The sudden closure of a Missouri nursing home on Dec. 15 has left 170 residents and their families surprised — with other ramifications as well.
The Northview Village Nursing Home in northern St. Louis abruptly ceased operations, according to local reports.
On Dec. 19, family members, care staff, and state and local politicians staged a protest of the nursing home’s closure and its apparent failure to pay employees, as reported by the St. Louis Post-Dispatch.
Michele Waller, a receptionist at Northview prior to the closure, told a local news outlet that the owner of the nursing home had known about the closure but failed to disclose the information.
"From my understanding, they say [the owner] had known this for weeks already, probably months," Waller said.
Starr Bradford, a St. Louis woman whose mother was a resident of Northview Village for 20 years, said the facility did not notify her about the closure, she told Fox News Digital.
She was alerted to the situation by a Facebook post from a family member of another resident.
"I had to physically go to the nursing home for answers and two employees cleaning out their office helped me out," Bradford told Fox News Digital in a text.
She eventually found her mother at a new nursing home, where the director provided her with a letter from Northview Village.
"I hope everyone else found their loved ones as well, because this was terrifying," said Bradford.
Fox News Digital attempted to contact Northview Village, the nursing home that closed — but calls went unanswered.
Healthcare Accounting Services, the company that operates the nursing home, told Fox News Digital on Wednesday that "we are not providing any statements at this time."
The Missouri Department of Health and Senior Services, which regulates the nursing home, was notified of the situation at around 4:15 p.m. on Friday, a spokesperson told Fox News Digital via email.
"The facility operators were working to implement their emergency evacuation plan, and local EMS assisted with the relocation of approximately 170 residents," the spokesperson said. "Our team remained on site monitoring the evacuation."
Northview Village was responsible for executing its emergency evacuation plan, the spokesperson told Fox News Digital.
"They relocated the residents to at least 14 other facilities in the St. Louis metro area and worked to contact families," she said.
The final resident left the facility before 6 a.m. on Saturday, according to the spokesperson.
"Our team continued working through the weekend, following up with the receiving facilities to check in on the residents who had been transferred."
The Missouri Department of Health and Senior Services was informed that funding was not in place to pay workers on Friday, which caused the workforce issue, the same group said.
Superior Manor of Downtown Residential Care, another nursing home in the area, was reportedly one of the facilities that received the displaced residents.
When contacted by phone, an employee of Superior Manor confirmed to Fox News Digital that some of Northview Village’s residents were there.

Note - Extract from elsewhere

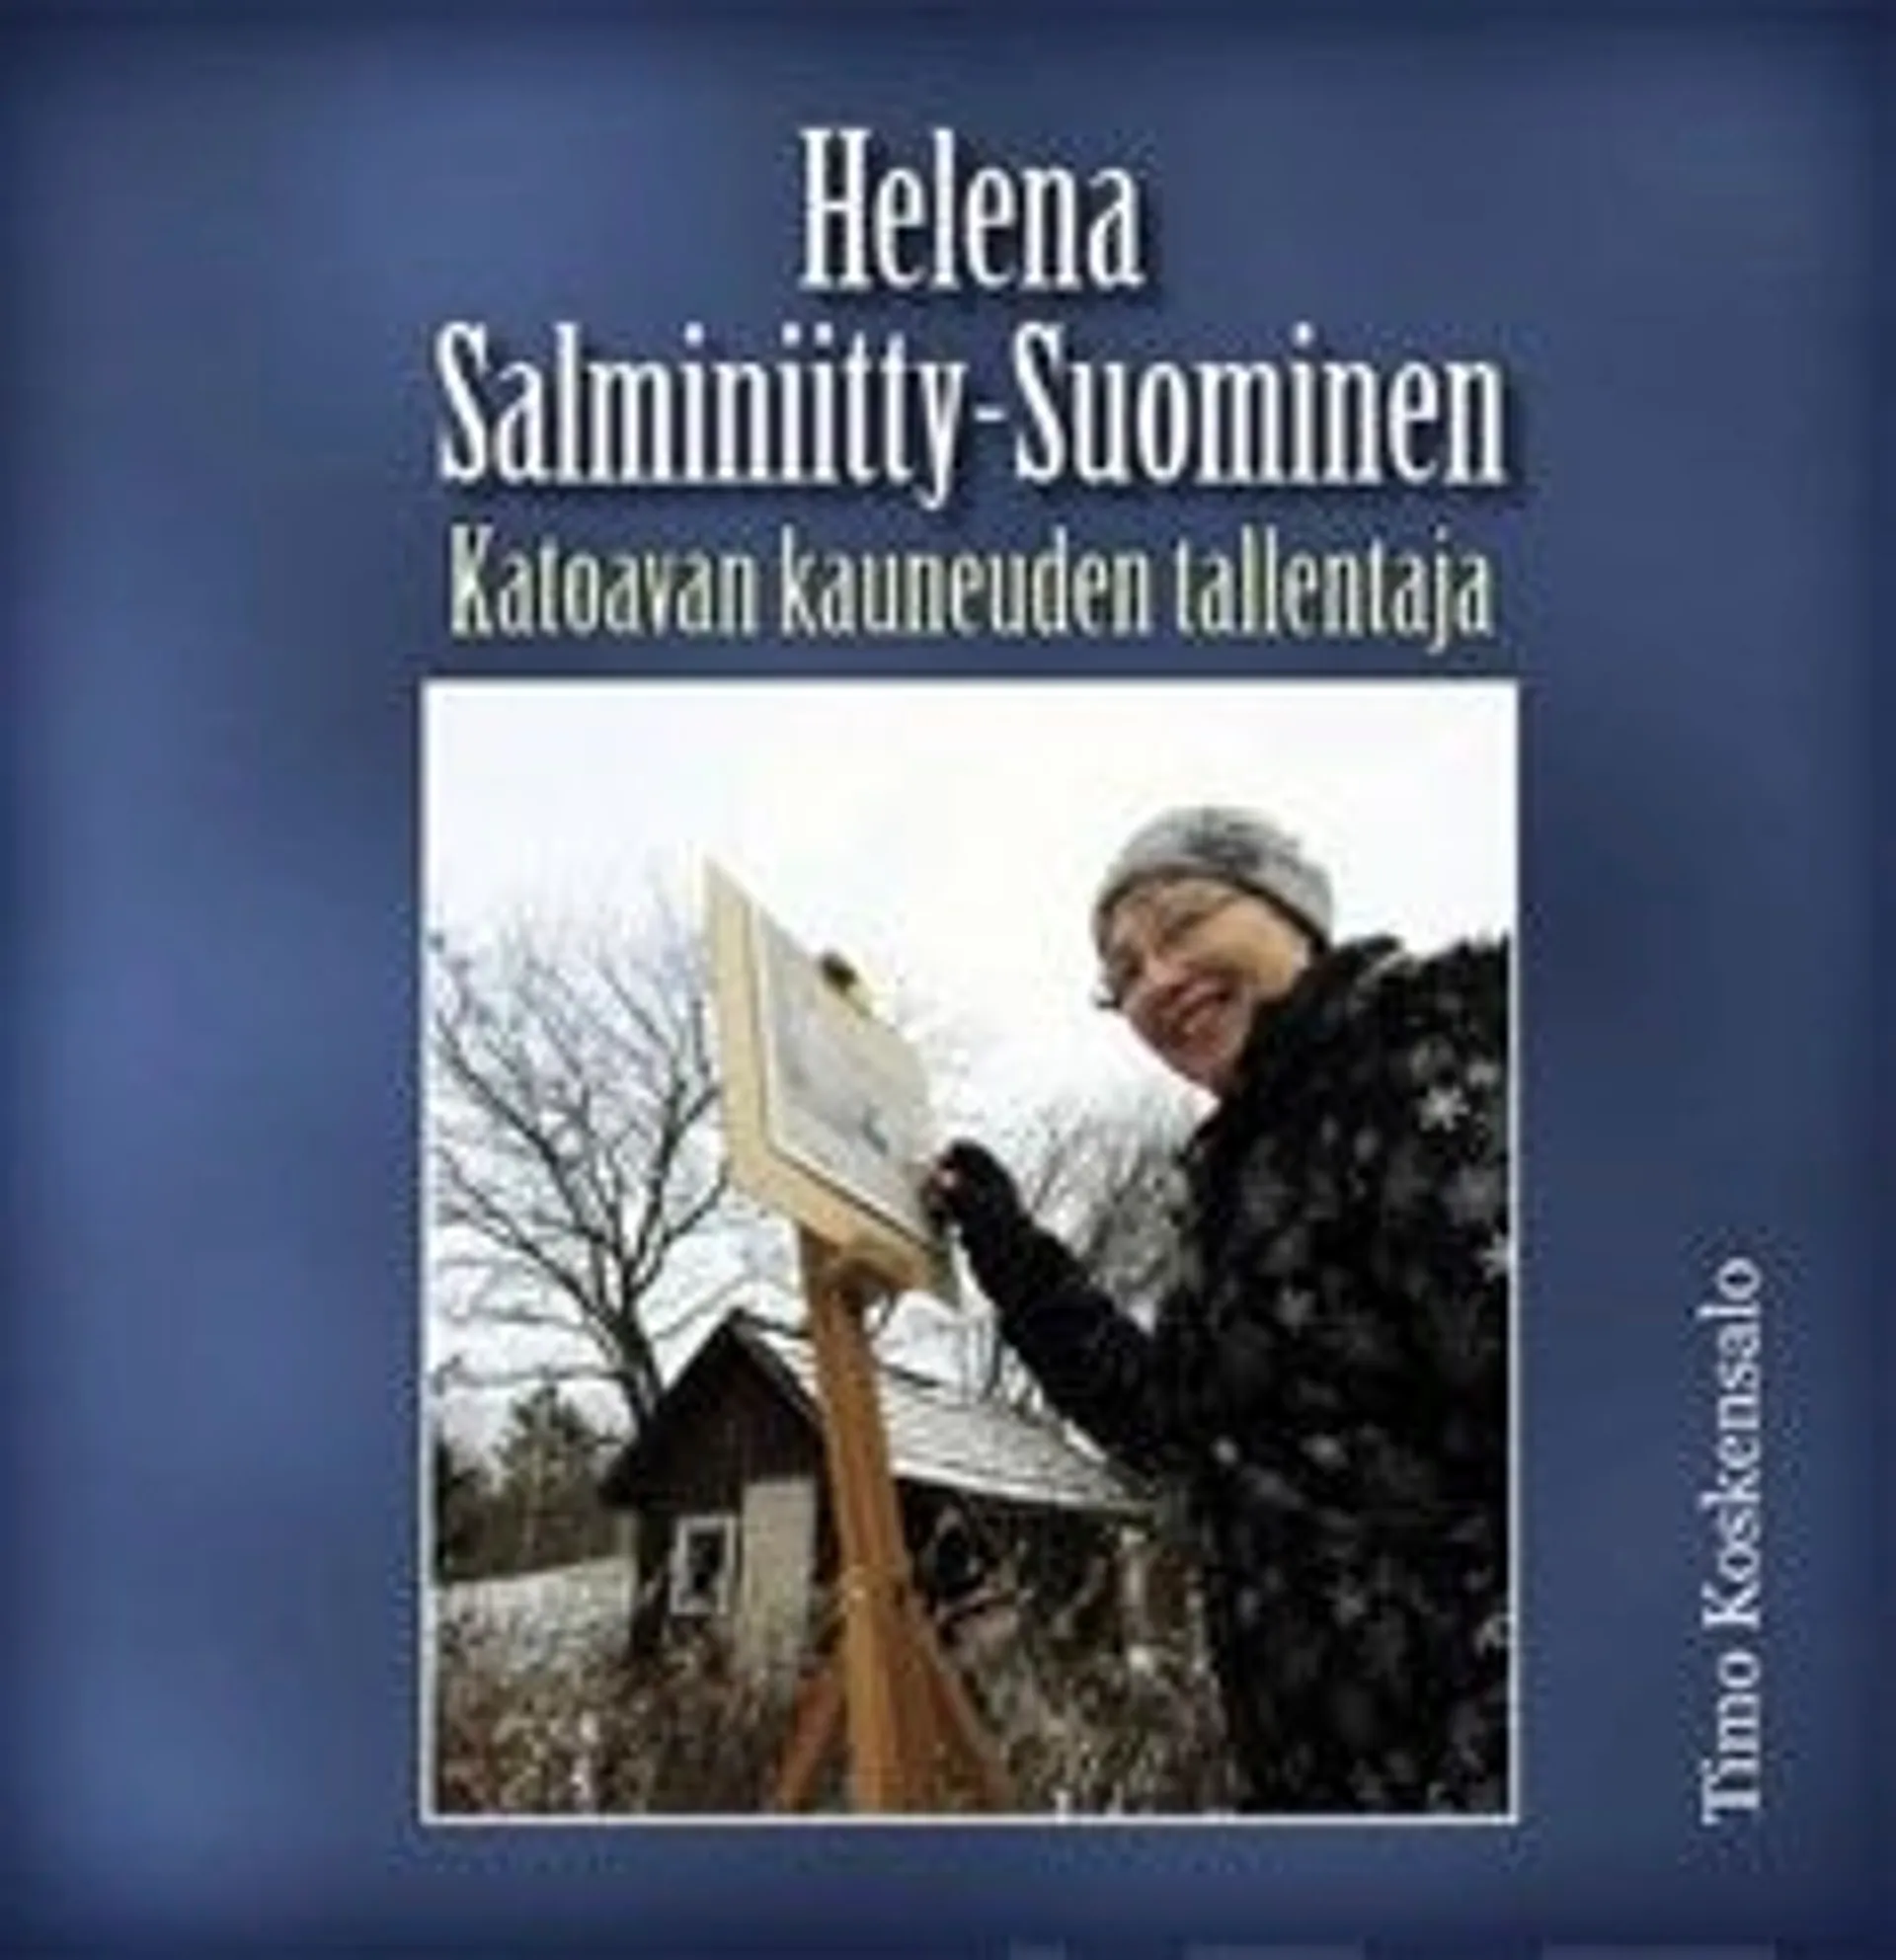 Koskensalo, Helena Salmenniitty-Suominen

"We have two sister facilities, and all together, we took in probably 30 of them," the employee said.
She also noted that the relocation was very stressful for the residents.
"They’re settling in, but it’s a process," she said.
Impact of relocation on seniors
An abrupt relocation can have significant mental and emotional impacts on seniors — particularly individuals with dementia, experts said.
"For those with dementia, the familiarity of their living environment and predictable routines can serve to help with their overall functioning," Dr. Carrie Ditzel, a clinical psychologist and director of geropsychology and neuropsychology at Baker Street Behavioral Health in New Jersey, told Fox News Digital.
"For those with dementia, the familiarity of their living environment and predictable routines can serve to help with their overall functioning."
Stability creates a sense of comfort and predictability for aging seniors, Ditzel noted, which can help them manage deficits in skills or memory.
"If the sense of familiarity and predictability is not re-established successfully, the resident may experience things like confusion, behavioral changes and emotional unrest," she added.
Amy Morin, a licensed clinical social worker in Florida who has helped seniors find assisted living facilities, agreed that a sudden relocation can be very stressful for a senior.
"They may be disoriented, homesick and confused," she told Fox News Digital. "They may struggle to adjust to their new surroundings, especially if it wasn't their choice to make the move or they weren't involved in the process."
When residents feel that things are out of their control, they may experience emotional distress, said Morin.
"They may be anxious or fearful," she noted. "They may also ask questions about when they can go home and may not understand if their situation is permanent."
For someone with dementia, a sudden move can worsen symptoms, Morin warned.
"They may struggle to find their way around, may not understand where they are and may be confused by support staff," she said. "They may not recognize friends and family once they are out of their normal routines."